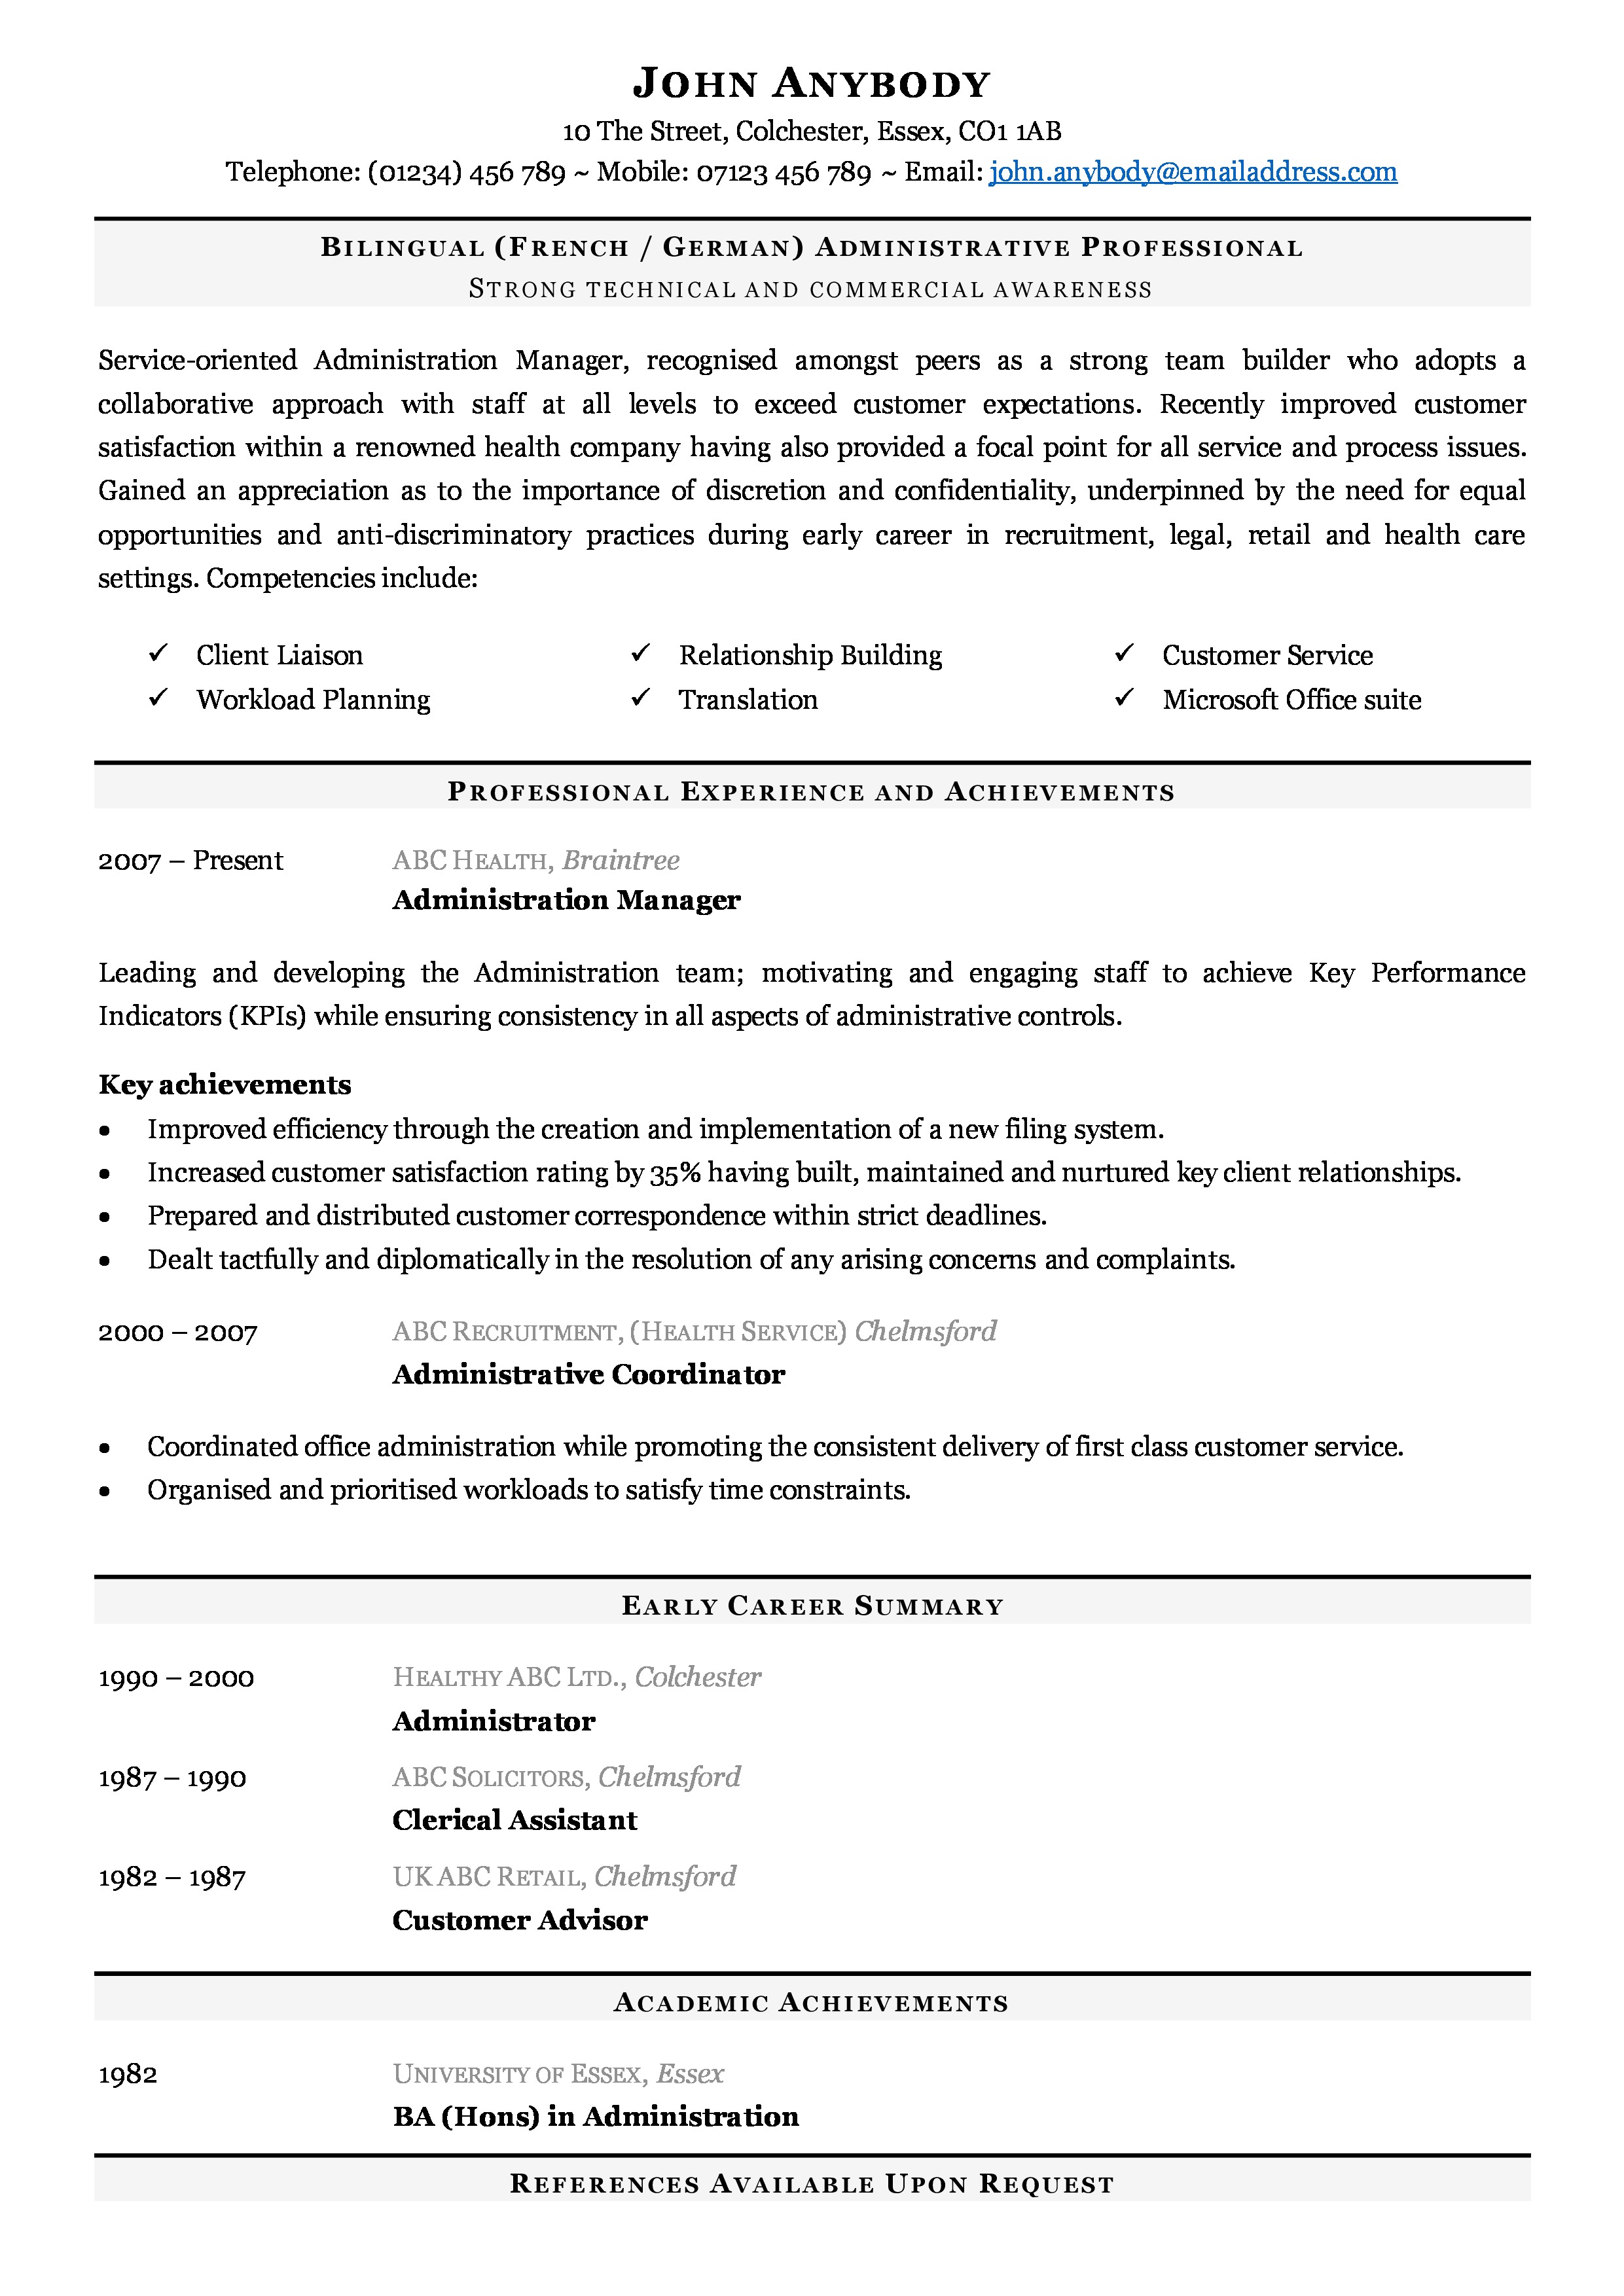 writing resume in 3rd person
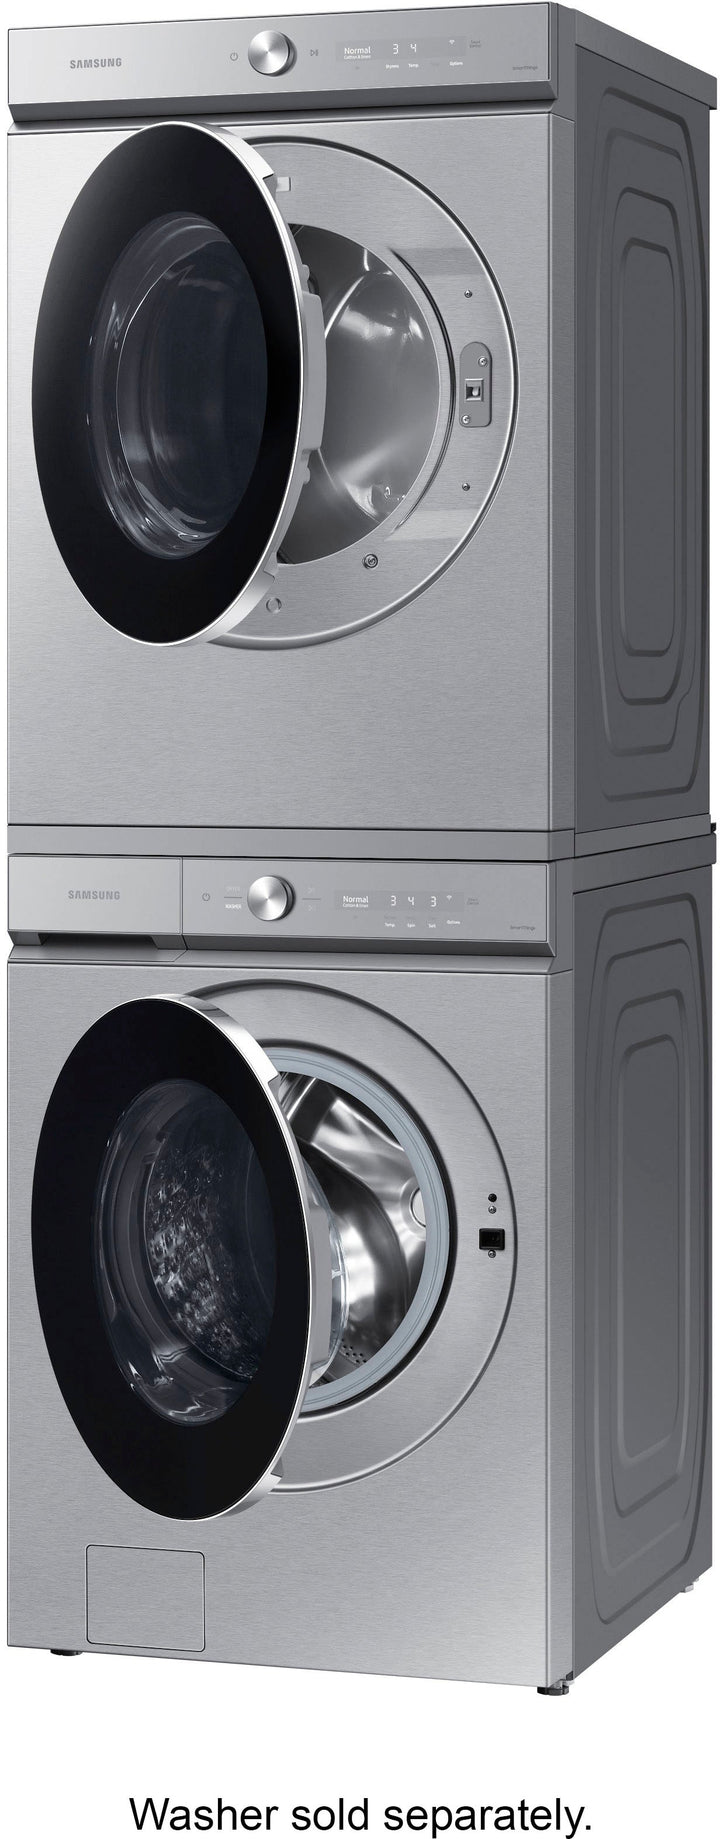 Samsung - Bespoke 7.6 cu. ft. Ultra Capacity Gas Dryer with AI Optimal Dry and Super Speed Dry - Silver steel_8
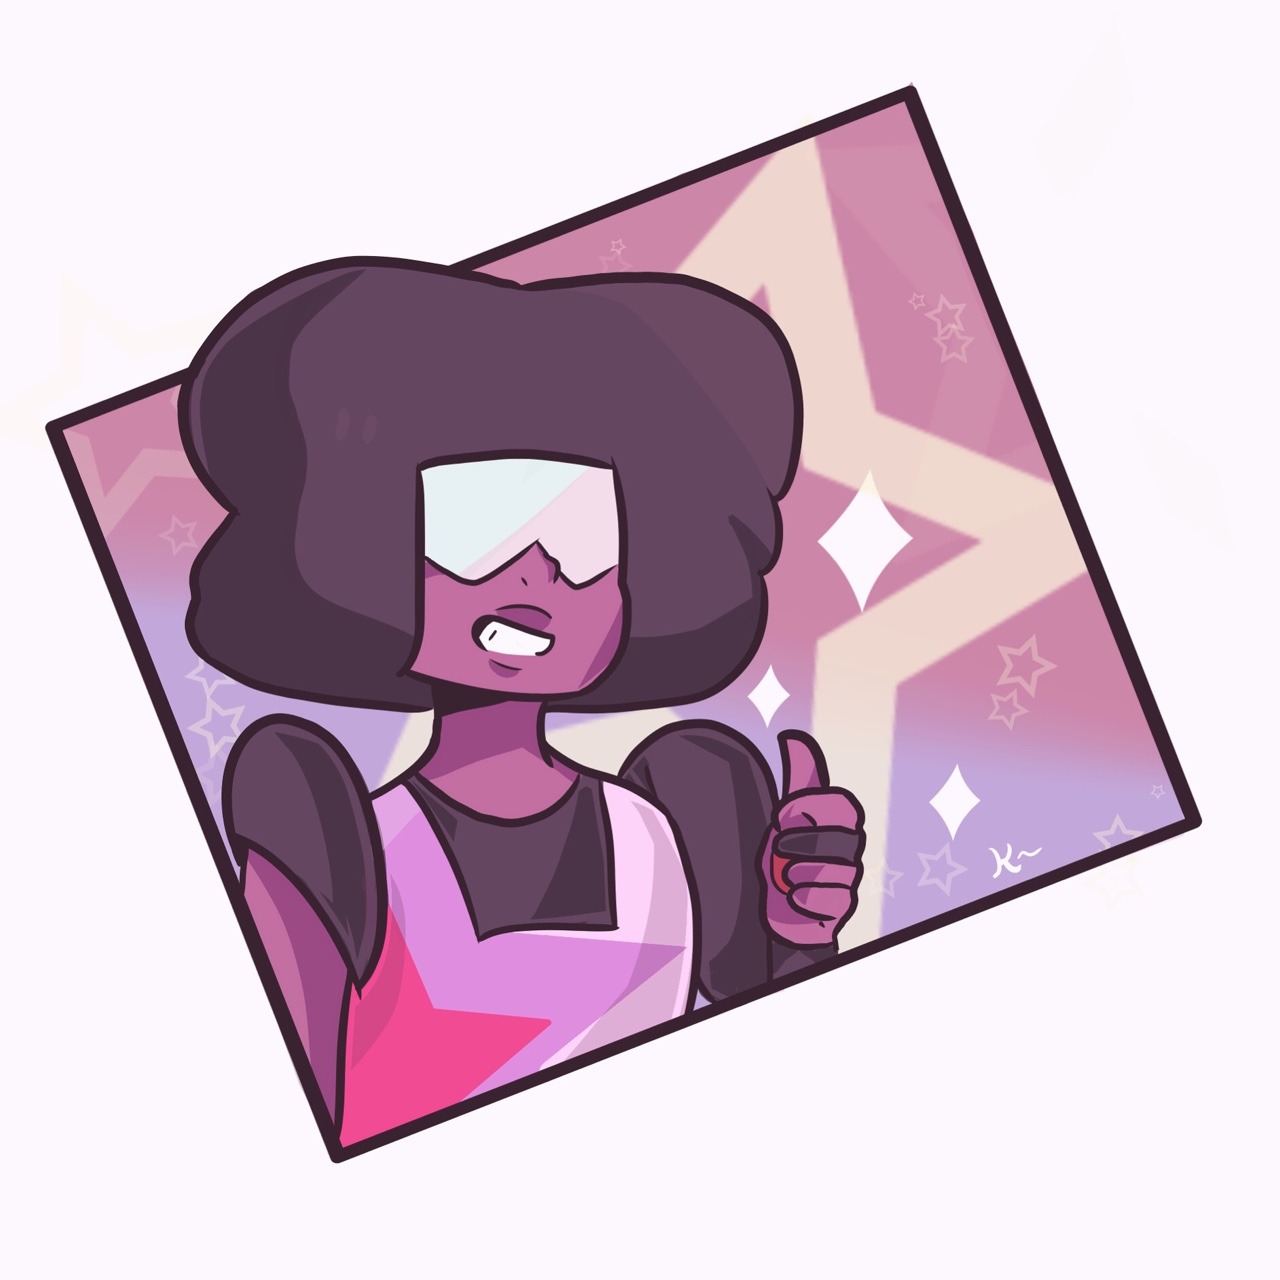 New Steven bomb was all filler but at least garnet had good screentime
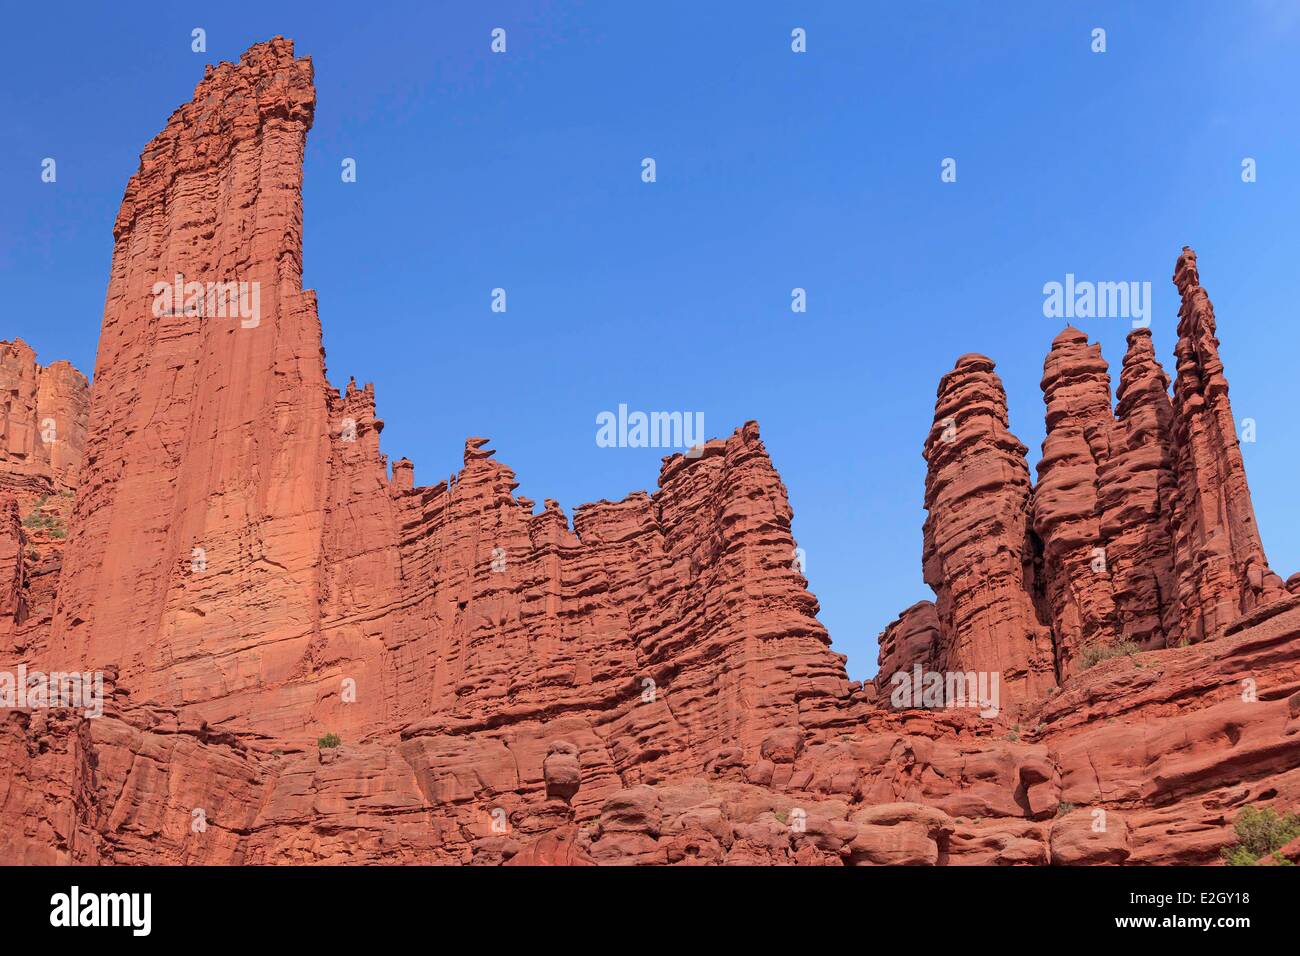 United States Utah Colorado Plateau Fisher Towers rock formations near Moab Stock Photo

**Work to complete**
Copy the data in full. No pictures belong in the copy.

**Task output**
 writing resume in 3rd person
 Samsung - Bespoke 7.6 cu. ft. Ultra Capacity Gas Dryer with AI Optimal Dry and Super Speed Dry - Silver steel_8
 New Steven bomb was all filler but at least garnet had good screentime
 United States Utah Colorado Plateau Fisher Towers rock formations near Moab Stock Photo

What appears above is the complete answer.